Une seule raison de chute pour l’esprit : la platitude de la vérité qui s’explique.

Or ceci concerne directement notre problème. Le mépris actuel pour les recherches sur la langue des symboles qui se lit au seul vu des sommaires de nos publications d’avant et d’après les années 1920, ne répond à rien de moins pour notre discipline qu’à un changement d’objet, dont la tendance à s’aligner au plus plat niveau de la communication, pour s’accorder aux objectifs nouveaux proposés à la technique, a peut-être à répondre du bilan assez morose

que les plus lucides dressent de ses résultats12.
Comment la parole, en effet, épuiserait-elle le sens de la parole…

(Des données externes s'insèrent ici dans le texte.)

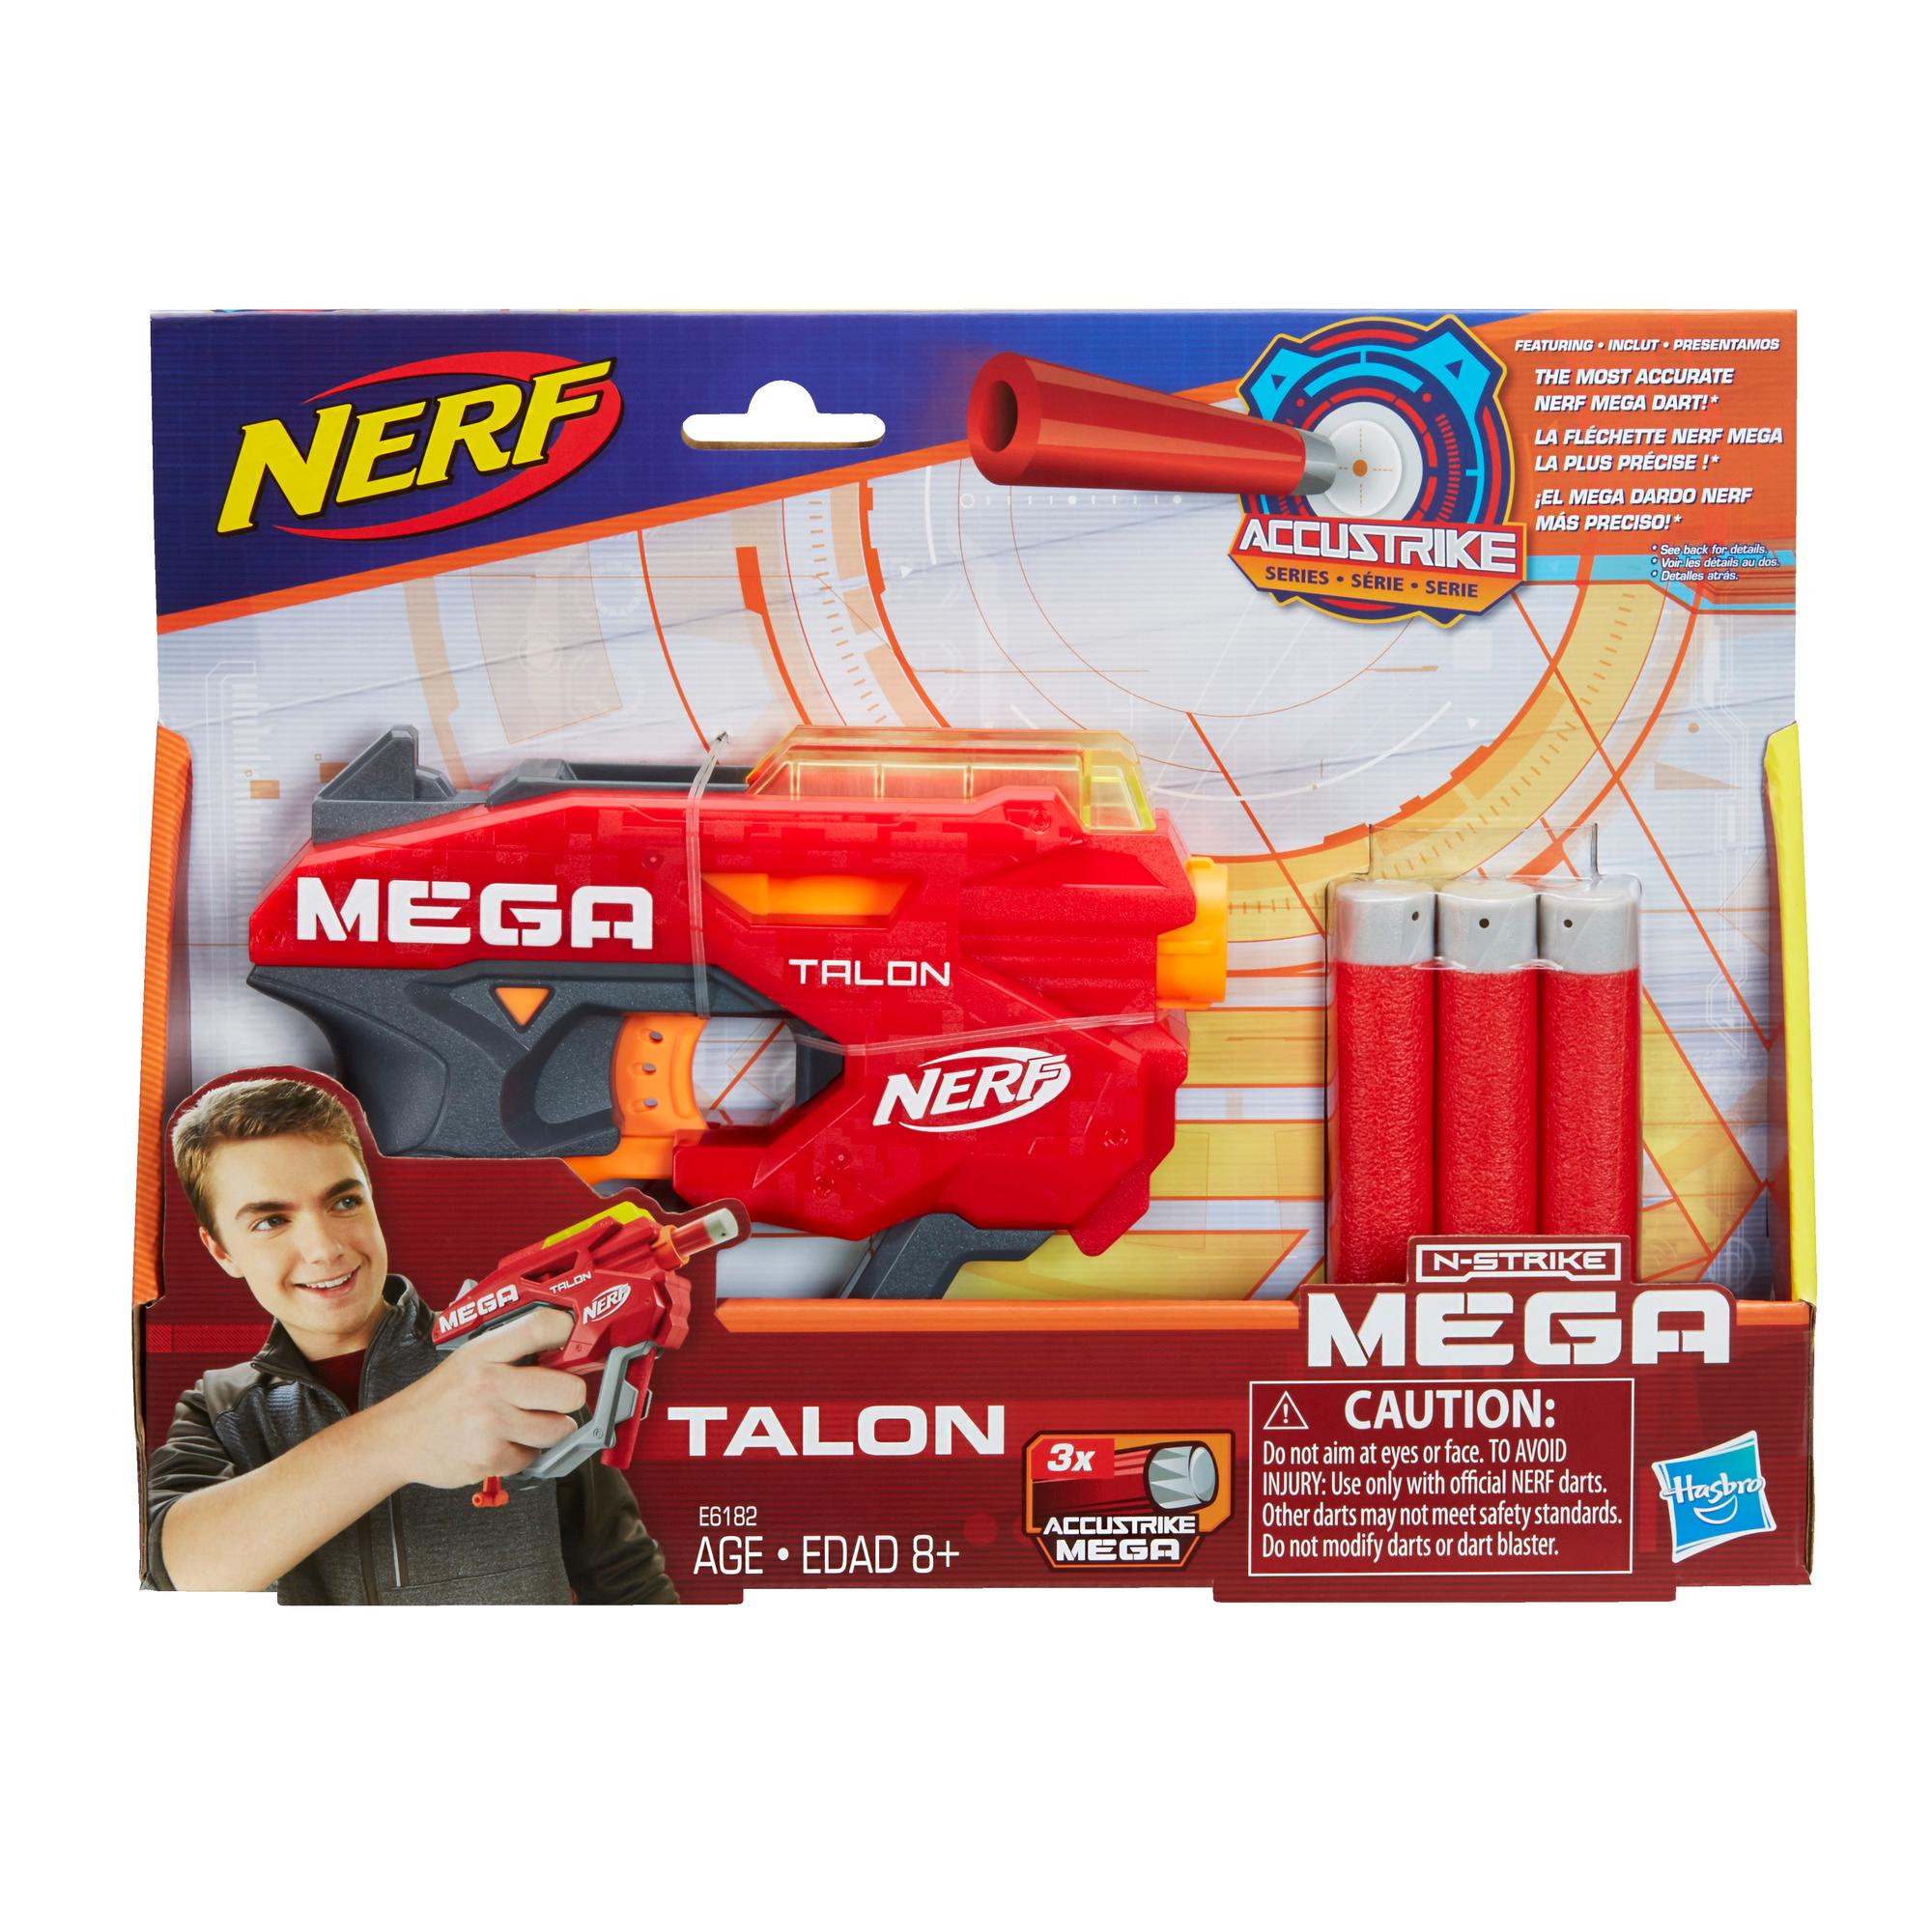 Blaster Nerf Mega Talon - Inclut 3 fléchettes Nerf Mega AccuStrike officielles, pour enfants, ados et adultes

ou, pour mieux dire avec le logicisme positiviste d’Oxford, le sens du sens

…sinon dans l’acte qui l’engendre ? Ainsi le renversement goethéen de sa présence aux origines :

« Au commencement était l’action », se renverse à son tour : c’était bien le verbe qui était au commencement,

et nous vivons dans sa création, mais c’est l’action de notre esprit qui continue cette création en la renouvelant toujours. Et nous ne pouvons nous retourner sur cette action qu’en nous laissant pousser toujours plus avant par elle.

Nous ne le tenterons nous-mêmes qu’en sachant que c’est là sa voie…
Nul n’est censé ignorer la loi, cette formule transcrite de l’humour d’un Code de Justice exprime pourtant la vérité

où notre expérience se fonde et qu’elle confirme. Nul homme ne l’ignore en effet, puisque la loi de l’homme est la loi du langage depuis que les premiers mots de reconnaissance ont présidé aux premiers dons, y ayant fallu les Danaëns13 détestables qui viennent et fuient par la mer pour que les hommes apprennent à craindre les mots trompeurs

avec les dons sans foi. Jusque-là, pour les Argonautes pacifiques unissant par les nœuds d’un commerce symbolique les îlots de la communauté, ces dons, leur acte et leurs objets, leur érection en signes et leur fabrication même,

sont si mêlés à la parole qu’on les désigne par son nom14.